This post covers a reflection on major losses that have occurred – sometime (often many years) after decisions were made “in extremis” (under time and cost pressure in a very difficult / near closure environment). The decisions were made by well meaning decision makers – but with 20/20 hind sight (during the detailed investigations) after major losses occurred – it was obvious how flawed these decisions were.
The points here are based on a synthesis of major losses I’ve investigated over the last 20 years – and I’ve tried to describe the causal or risk pathways that flow from these decisions. The causes and incident types described are grouped into:
- Common pre-cursor events and failed controls;
- Geotechnical failures – which led to major collapses at the affected mining operations;
- Major plant failures – resulting in the loss of lives and major business interruptions, and;
- Growth constraints – arising from decisions made to save money on key, long term items of plant or infrastructure at the operation.
The common threads are:
- Loss of key personnel and the knowledge they held and the techniques for doing tasks they adopted;
- Cost saving which led to removing input from external parties;
- Extending the working life / inspection intervals of components in key items of plant;
- Using different suppliers for key components / processes;
- Varying designs in a working operation, and;
- Failing to apply rigorous change management techniques to the decisions made.
The losses which arose typically happened three to 10 years after the decisions were made – and the mistakes were only visible with the benefit of hind sight.

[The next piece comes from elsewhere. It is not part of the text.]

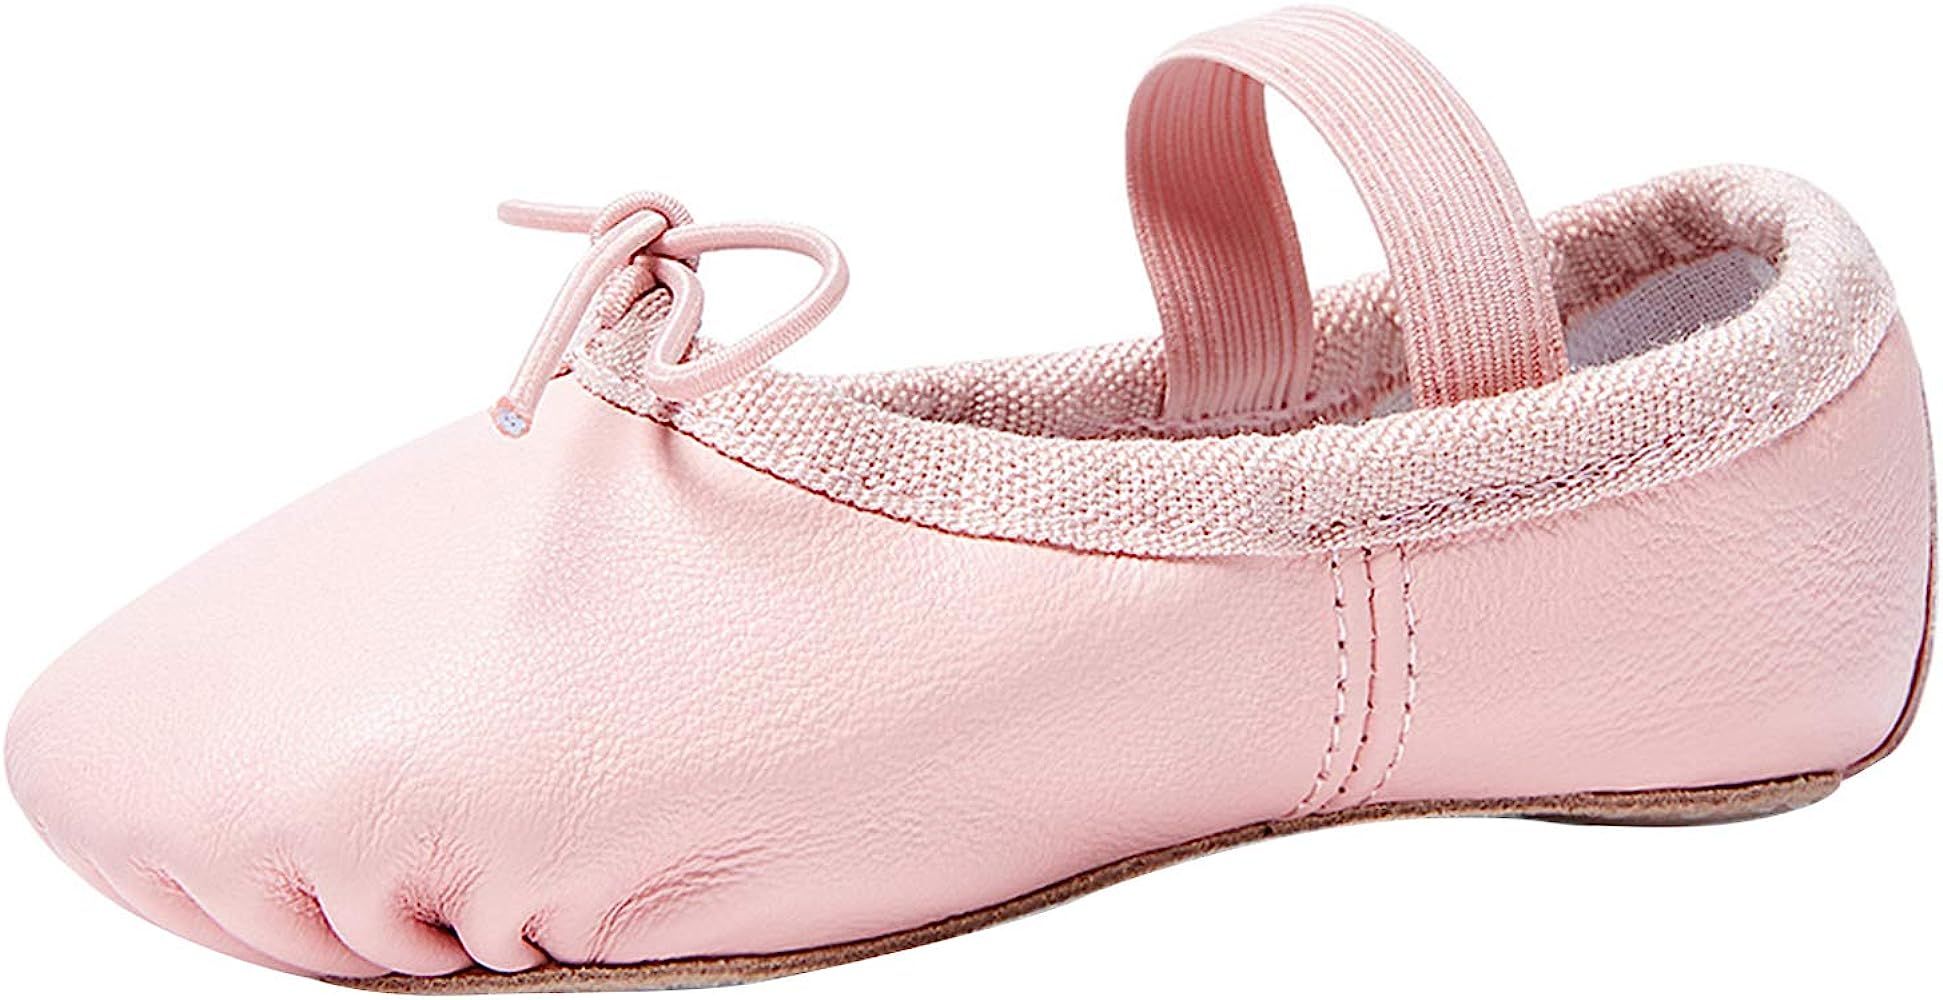 Stelle Ballet Shoes for Girls Toddler Genuine Leather Ballet Dance Slippers for Toddler/Little/Bi... | Amazon (US)

To reflect this – although Peter investigated all of these incidents the actual risk pathways are not identical to those that occurred – and have been obfuscated to protect the good name of the decision makers involved. Any statements made which seem to directly implicate a particular operation or decision maker are unintended.

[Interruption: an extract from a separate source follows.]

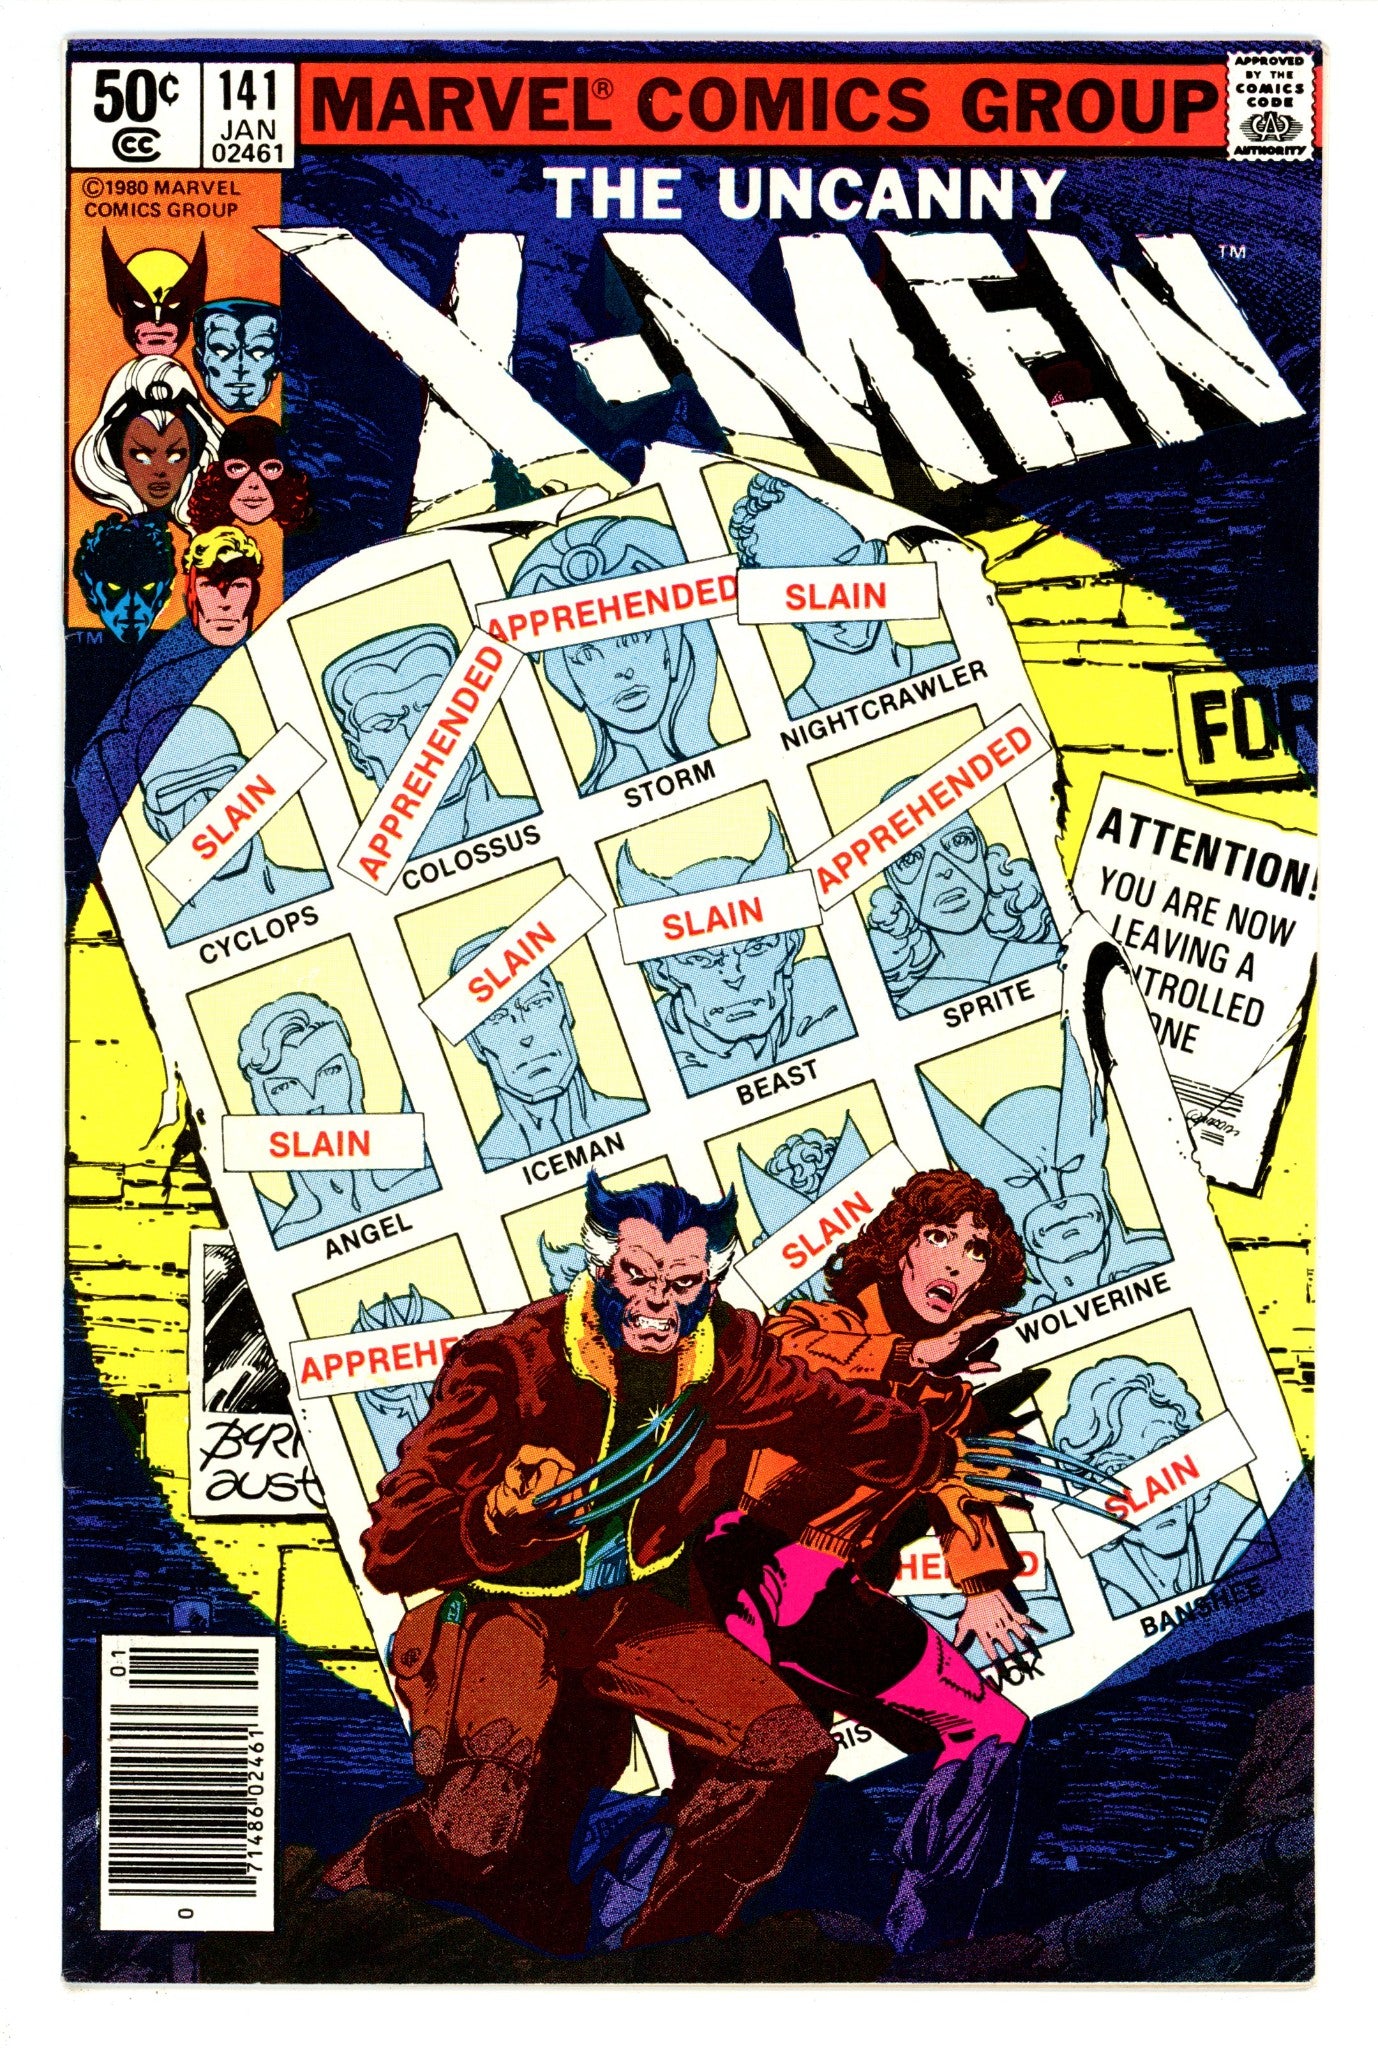 The X-Men Vol 1 141 VF (8.0) (1981) Newsstand

We can avoid these types of loss – which have tragic consequences. No one wants to be a party to Incident Outcomes where multiple deaths or serious business interruptions occur. There are things that can be done cost effectively during the tough times – and the key elements of a solution are:
- Being on the front foot – analyzing intended changes by considering the risk pathways (using major loss bow ties that plot these) to see which controls are affected and whether we’ve increased the frequency of basic causes;
- Taking a break during the implementation of these decisions and having a third party audit the changes being executed as part of the survival strategy;
- Reflecting on the changes against the key design assumptions / elements of your operation;
- Reviewing your layers of protection against major loss incidents (a slightly different spin on reviewing risk pathways), or;
- Engaging an external party to actively reflect on the changes in the light of your incident history.
Common Causes / Hazards
There are a few pre-cursors to major loss which are found in most major consequence Incidents (and all of the losses considered here). All of these flowed from decisions made in difficult times.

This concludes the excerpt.